# LCD Monitor für CAD Anwendung



## lew (14. Dezember 2008)

*LCD Monitor für CAD Anwendung*

Hallo, 200 Euro will ich maximal für einen neuen Monitor ausgeben. Eine hohe Auflösung ist Pflicht...min. 1920x1600

was könnt ihr mir da empfehlen?


----------



## FortunaGamer (15. Dezember 2008)

*AW: LCD Monitor für CAD Anwendung*

Für 200 bekommst du glaube ich nichts, besonders mit der Auflösung.

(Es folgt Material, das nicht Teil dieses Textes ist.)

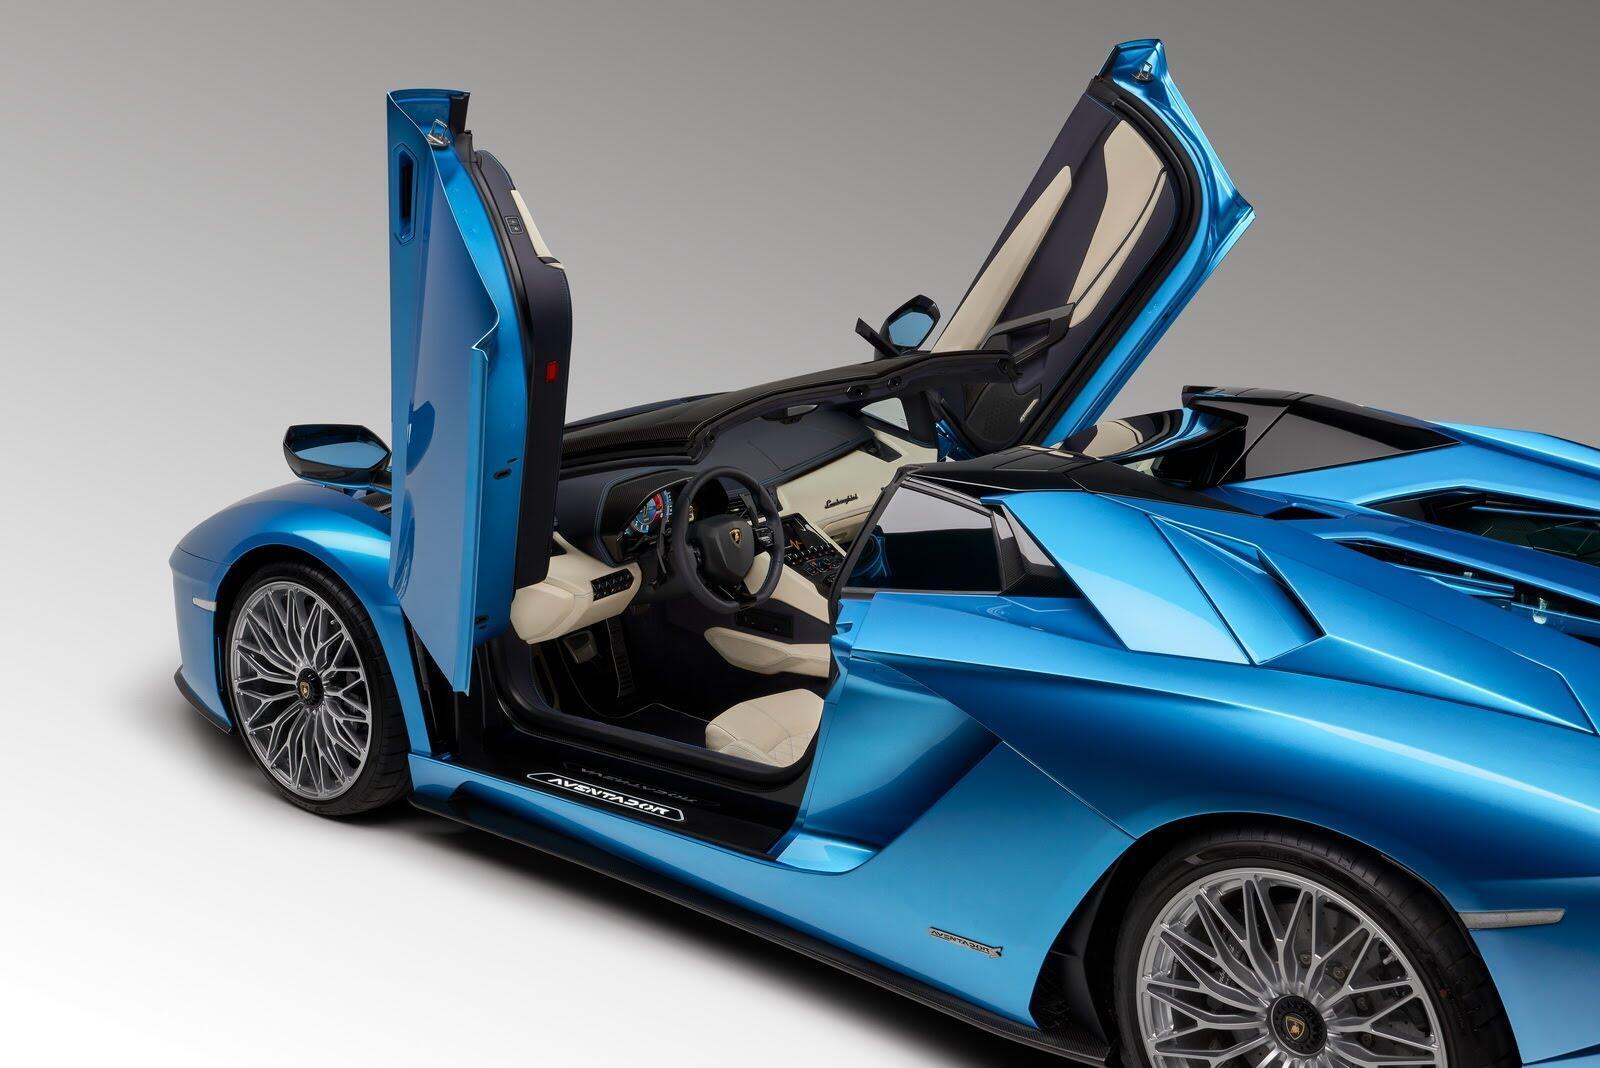 Siêu xe Lamborghini Aventador S Roadster chính thức trình làng - Hình 2

EIZO: High-End LCD Monitore
Guck auf der Seite sind gute Monitore aber nicht für denn Preis.
Oder meinst du 2000€ wenn ja dann bist du da Richtig^^

Gruß,
Vincent


----------



## SkastYX (15. Dezember 2008)

*AW: LCD Monitor für CAD Anwendung*

Also Eizo ist das NonplusUltra was Bildbearbeitung etc angeht, aber für CAD reicht auch ein normaler Monitor, es geht ja selten um die genaue Darstellung von Farben.

Eigentlich kannst du für CAD das Billigste nehmen, Kriterien wie die Reaktionszeit entfallen ja.
Aber für 200... ein wenig mehr wirst du in der Auflösung auf jeden Fall ausgeben müssen.


----------



## Overlocked (15. Dezember 2008)

*AW: LCD Monitor für CAD Anwendung*

Also der billigste ist der Asus und der nur mit einer FULL HD Auflösung und das für 264€... LINK Andernfalls, falls du 2000€ meintest, hier ein Eizo mit einer 1920x1200 Auslösung, für 760€: LINK


----------



## FortunaGamer (15. Dezember 2008)

*AW: LCD Monitor für CAD Anwendung*

Jo würde ich auch empfellen.
Der Eizo HD2442 hat HDMI kostet 1100€ oder Eizo SX3031W mit 30 Zoll und 2560er Auflösung kostet 2500 bissel Teuer.

Gruß,
Vincent


----------



## emmaspapa (15. Dezember 2008)

*AW: LCD Monitor für CAD Anwendung*

Für 200 bekommst Du einen TFT mit TN-Panel.  Für CAD und Co. ist das nicht unbedingt geeignet.  Du solltest mal etwas genauer beschreiben was Du vor hast  Da ist dann aber max. bei 1680x1050 Schluss.


----------